In these pages, the Dryanskys travel everywhere, dine well and drink heartily, hobnob with aristocrats and members of the Universal Cassoulet Academy. They also periodically bewail the rise of exquisite food — the tiny portion beautifully presented — and the cult of the celebrity philosopher-chef.

For most of us, though, “Coquilles, Calva & Creme” is largely a book to dream over, since we will never eat ortolans — those tiny birds are now protected by law — or devour fresh black truffles, or sip a 19th-century wine (seldom any good), or spend the weekend at the Mouton estate with Baron Philippe de Rothschild.

Gerry Dryansky and his wife, Joanne, traveled to Paris in the early 1960s, and, after a brief stint at the Herald Tribune, he landed a job covering fashion for Women’s Wear Daily. In later years, he became the European correspondent for Conde Nast Traveler. These, it’s hardly worth saying, are jobs that many of us would kill for.
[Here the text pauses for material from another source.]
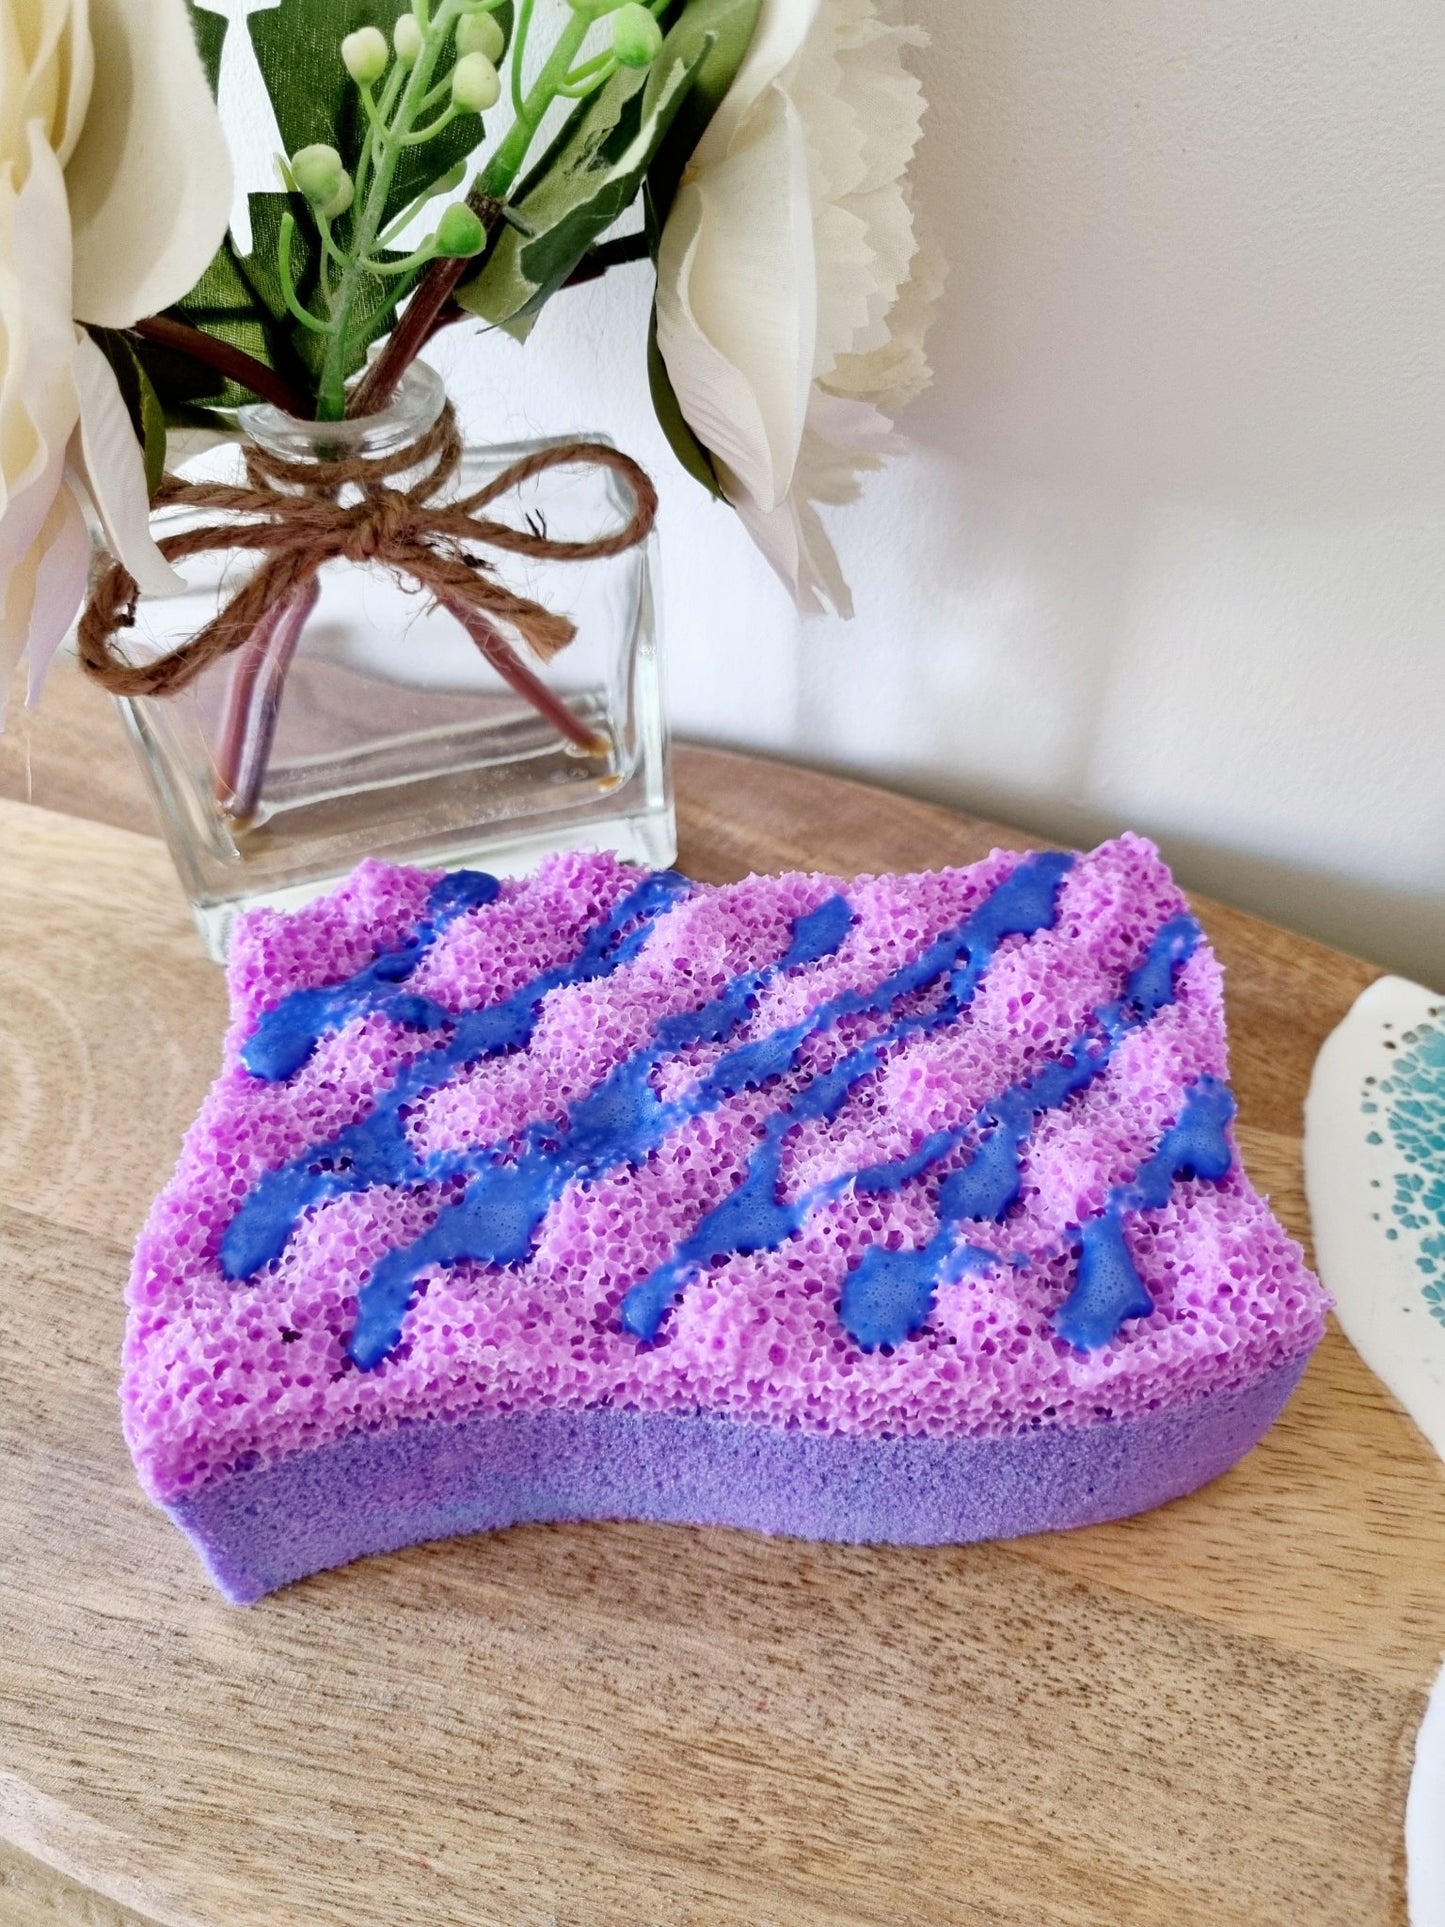 LIMITED EDITION - Wavy Soap Infused Exfoliating Massage Sponge - Soap Sponge - Cottage Fresh Scents

In explaining how he learned about food, Dryansky writes:

“Think about what it was like to have an expense account that required me to keep in good contact, across the best tables in Paris, with the fashion makers and their business partners — and added to that, to be able to discover the newest, the best restaurants in town, as part of reporting about the city to guide the New York fashion world.”
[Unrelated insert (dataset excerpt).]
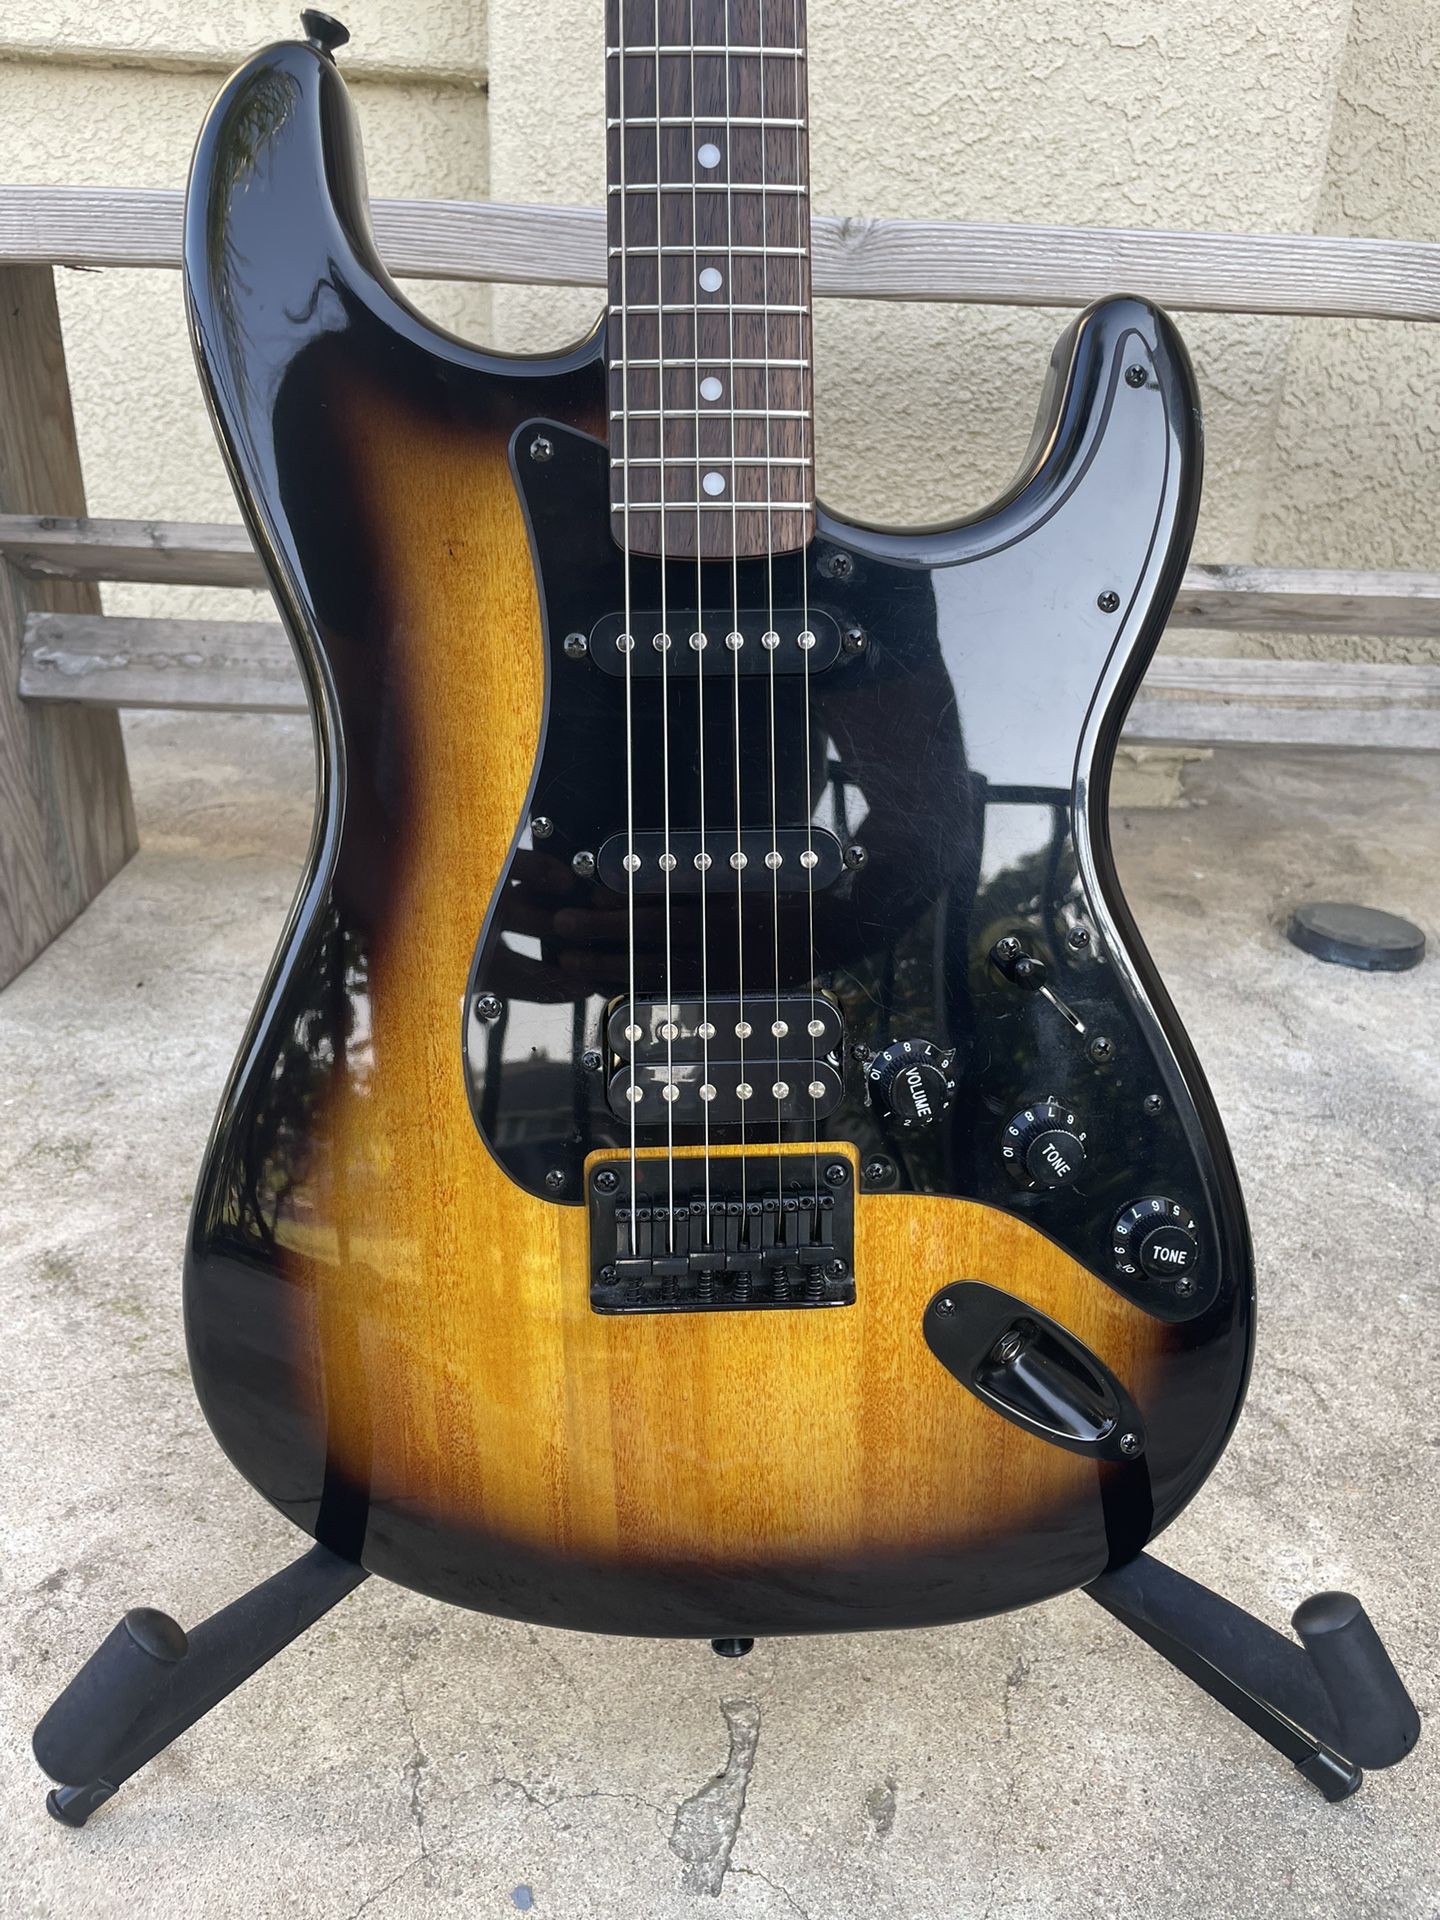 Like New Fender Squier Stratocaster Guitar For Sale

Dryansky recalls high-living days of lunches at Maxim’s and the Brasserie Lipp — where Aristotle and Jackie Onassis might drop in for a bite — and long dinners with Coco Chanel and chats with the reclusive Yves Saint Laurent and his partner, in both senses, Pierre Berge. He evokes, too, the nightlife of the era:

“At Regine’s . . . you’d find Francoise Sagan alone with a scotch at her table in the entry, while deep inside, Catherine Deneuve, sitting with David Bailey, would be playing with her long blonde hair. A group of Nouvelle Vague filmmakers, among them Claude Chabrol and Jane Fonda’s onetime husband Roger Vadim, would hang out at the bar chez Castel, making wry comments about the young people . . . King Hassan of Morocco’s brother, Moulay Abdallah, spent a lot of time at Castel’s, when he was in Paris, but Jean Castel refused to let the king in. His Royal Highness arrived at the door with his bodyguards and wanted them to enter with him. Jean refused, unless they left their guns in the car. The king was not amused, and left.”